*EXERCISE REQUIREMENTS:*
A faithful copy is needed of the lines below from the one with "04689 MONETA REPUBLICA" up to and including the one with "Ecozen hydro Bluey"; set it down with no pictures and no other lines.

##### RECORDS FOR THE EXERCISE #####

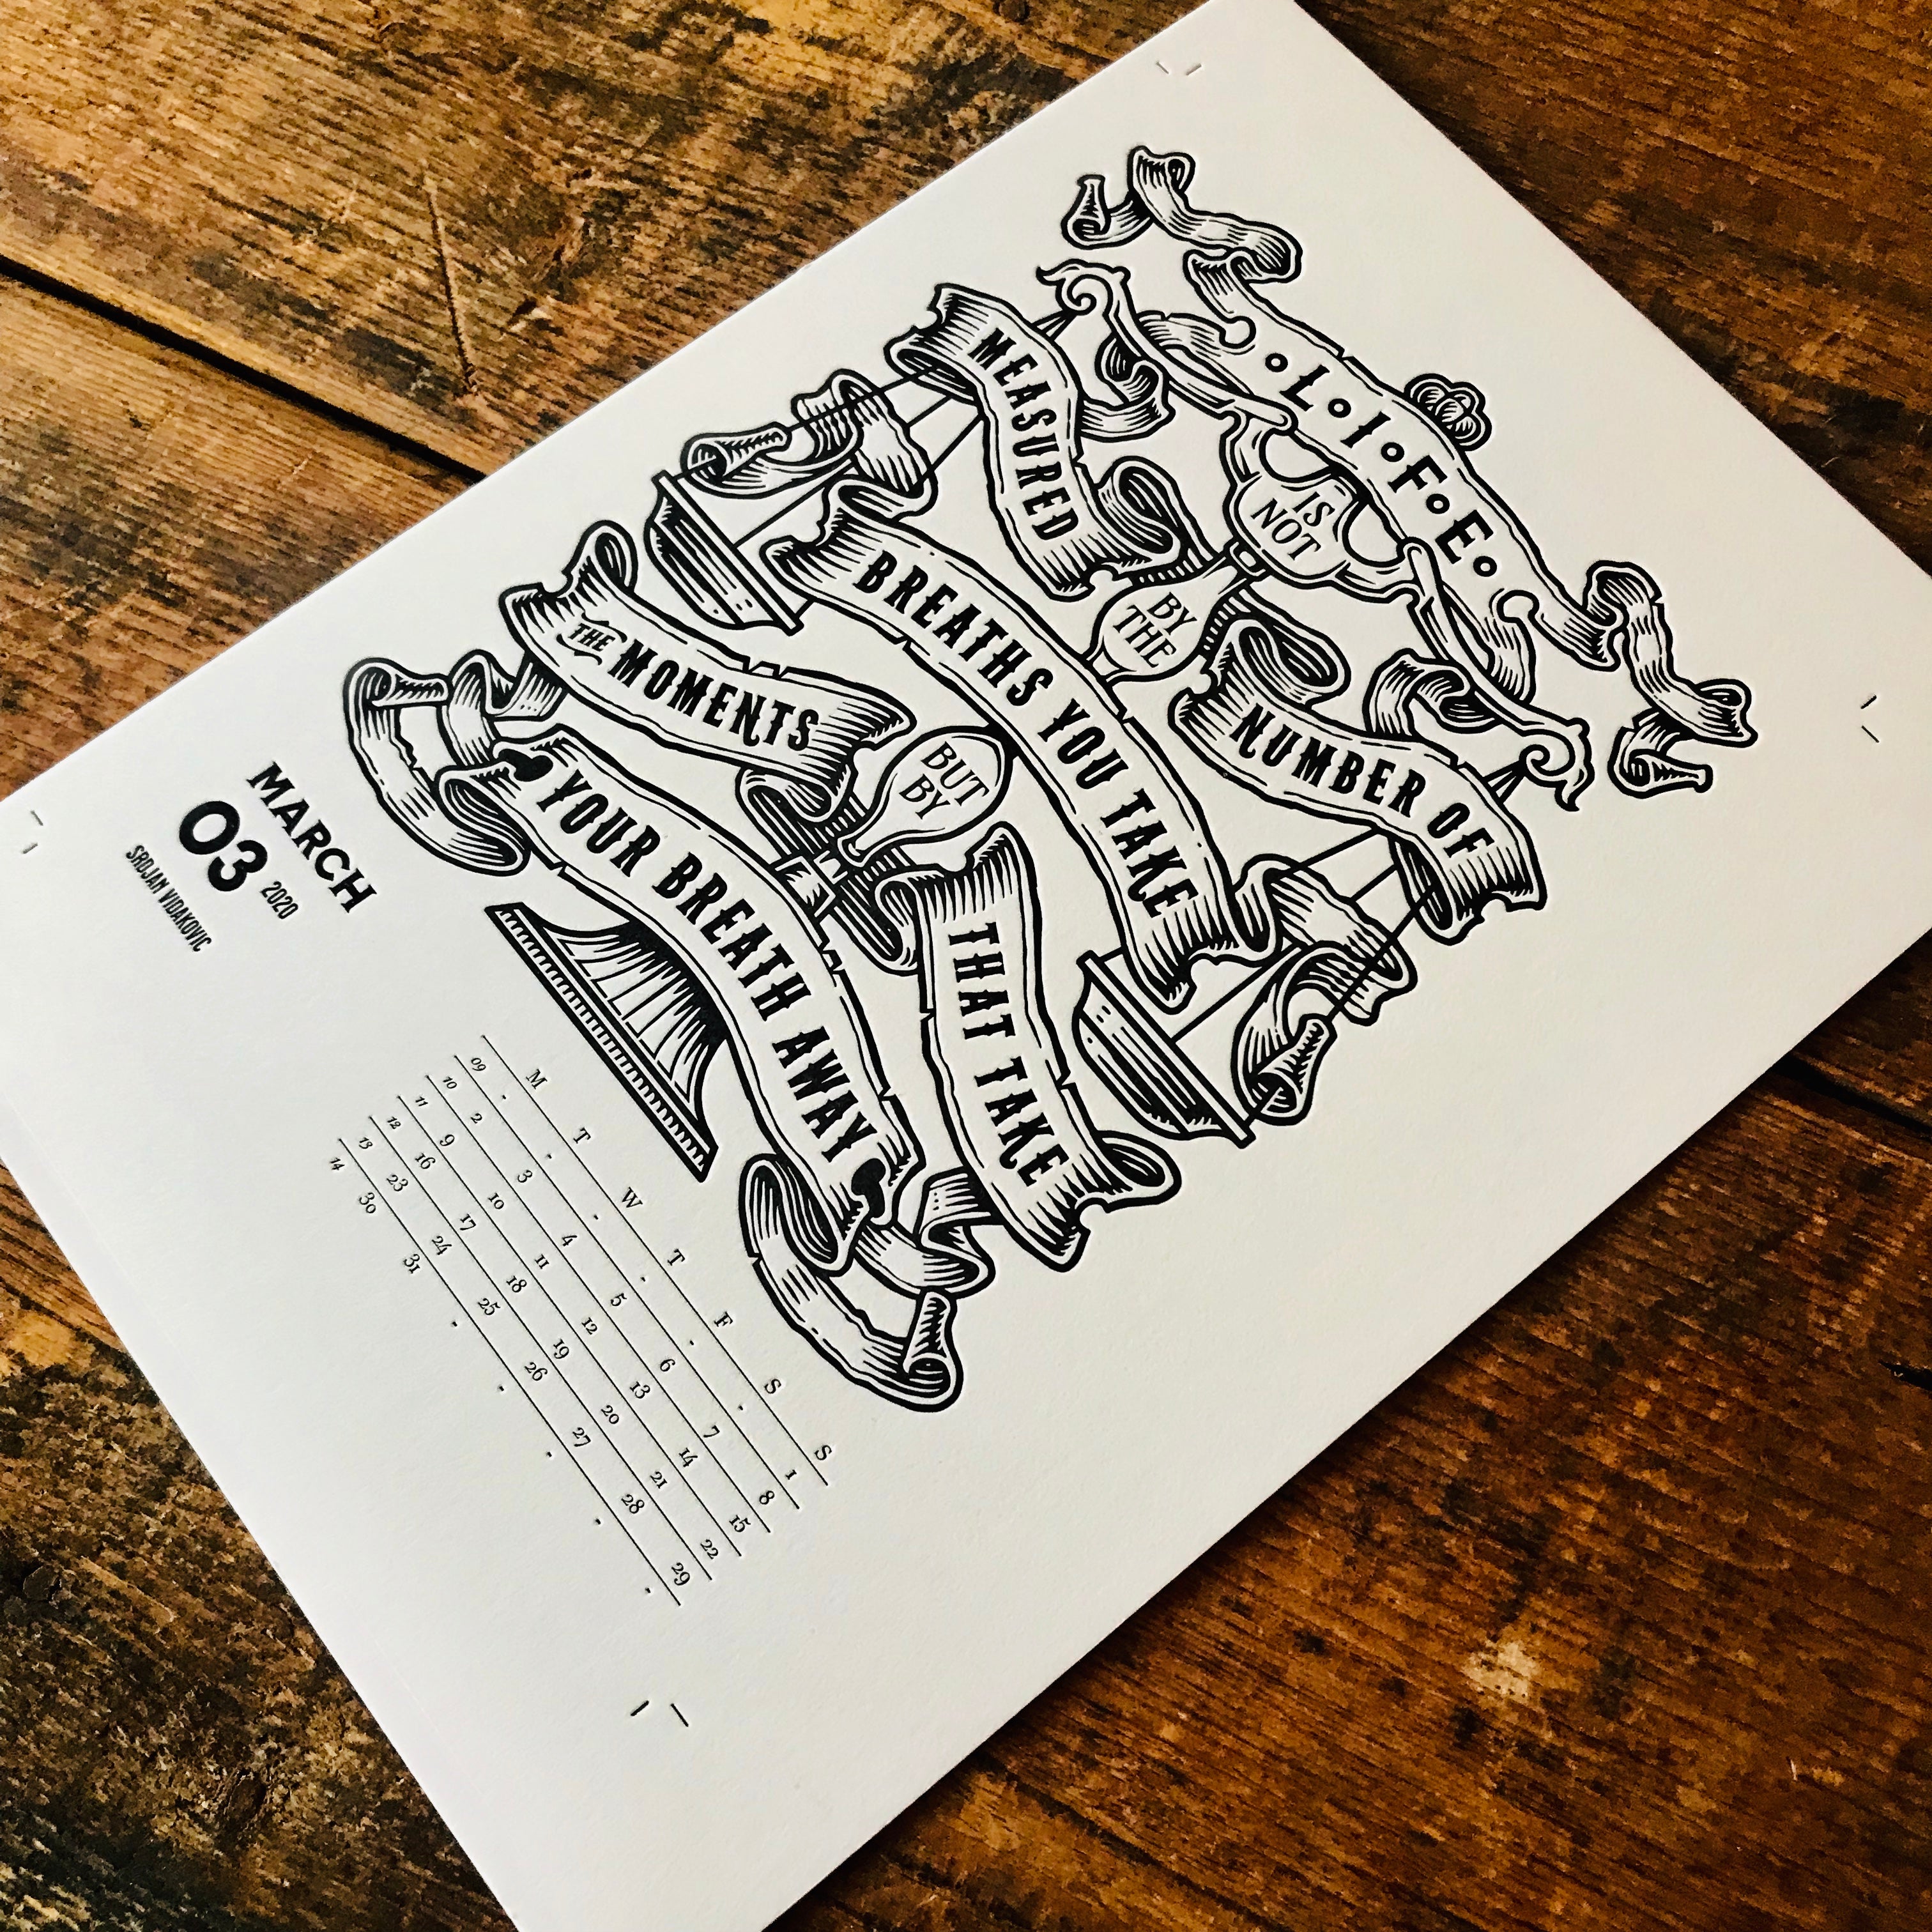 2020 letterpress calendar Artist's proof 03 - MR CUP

#####
##### RECORDS FOR THE EXERCISE #####

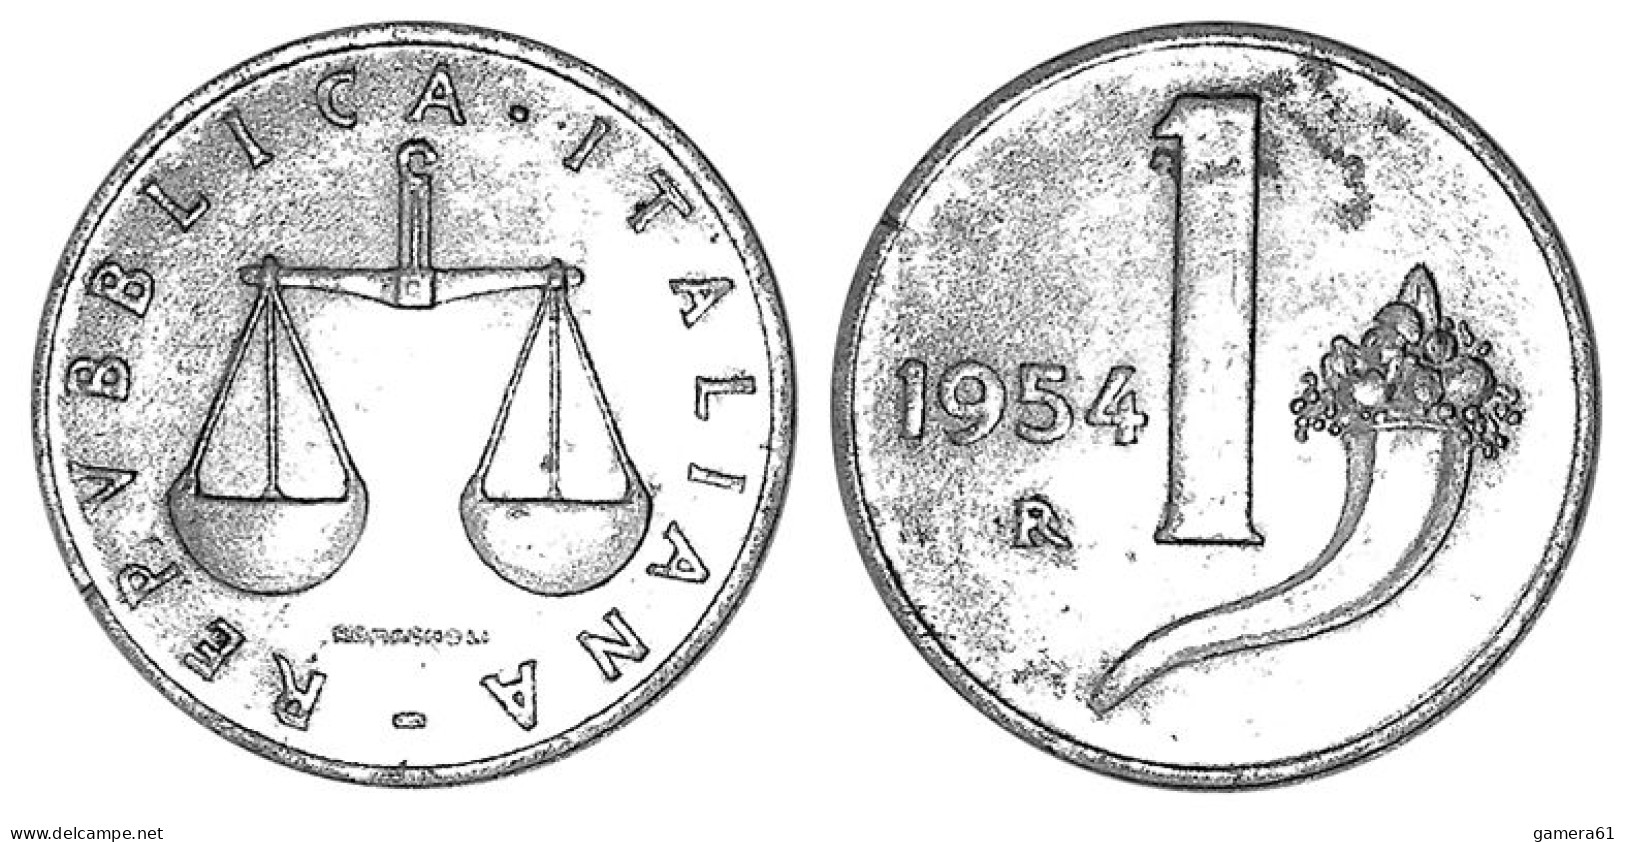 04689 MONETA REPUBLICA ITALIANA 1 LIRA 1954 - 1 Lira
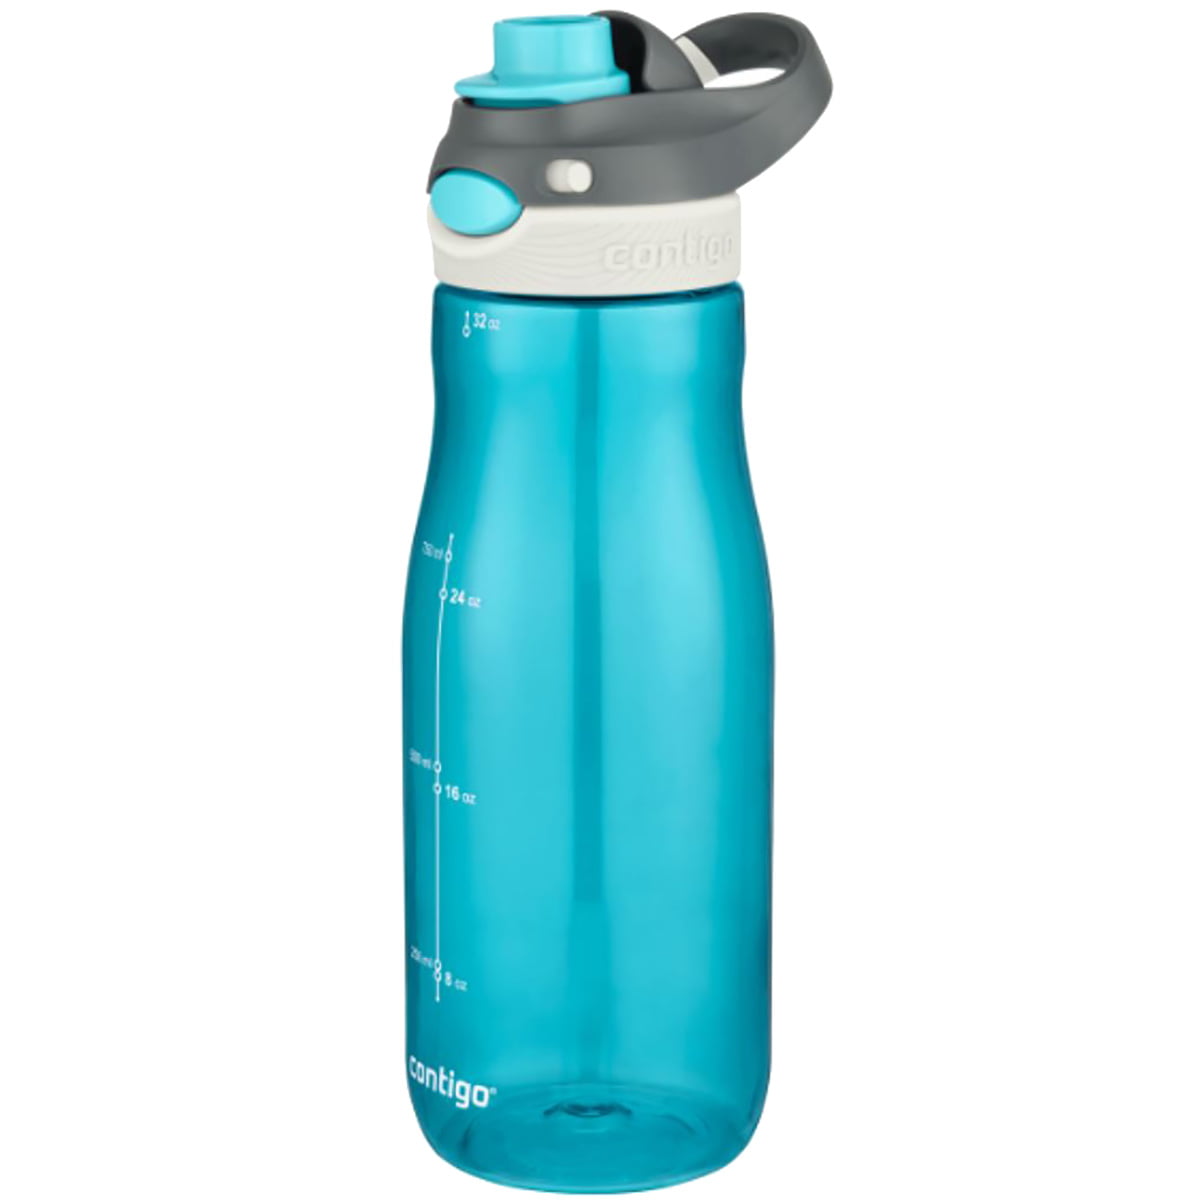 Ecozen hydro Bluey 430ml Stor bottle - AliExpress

#####
##### RECORDS FOR THE EXERCISE #####

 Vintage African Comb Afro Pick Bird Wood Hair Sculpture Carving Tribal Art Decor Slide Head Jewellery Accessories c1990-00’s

#####

*ANSWER SPACE:*
 04689 MONETA REPUBLICA ITALIANA 1 LIRA 1954 - 1 Lira
 Ecozen hydro Bluey 430ml Stor bottle - AliExpress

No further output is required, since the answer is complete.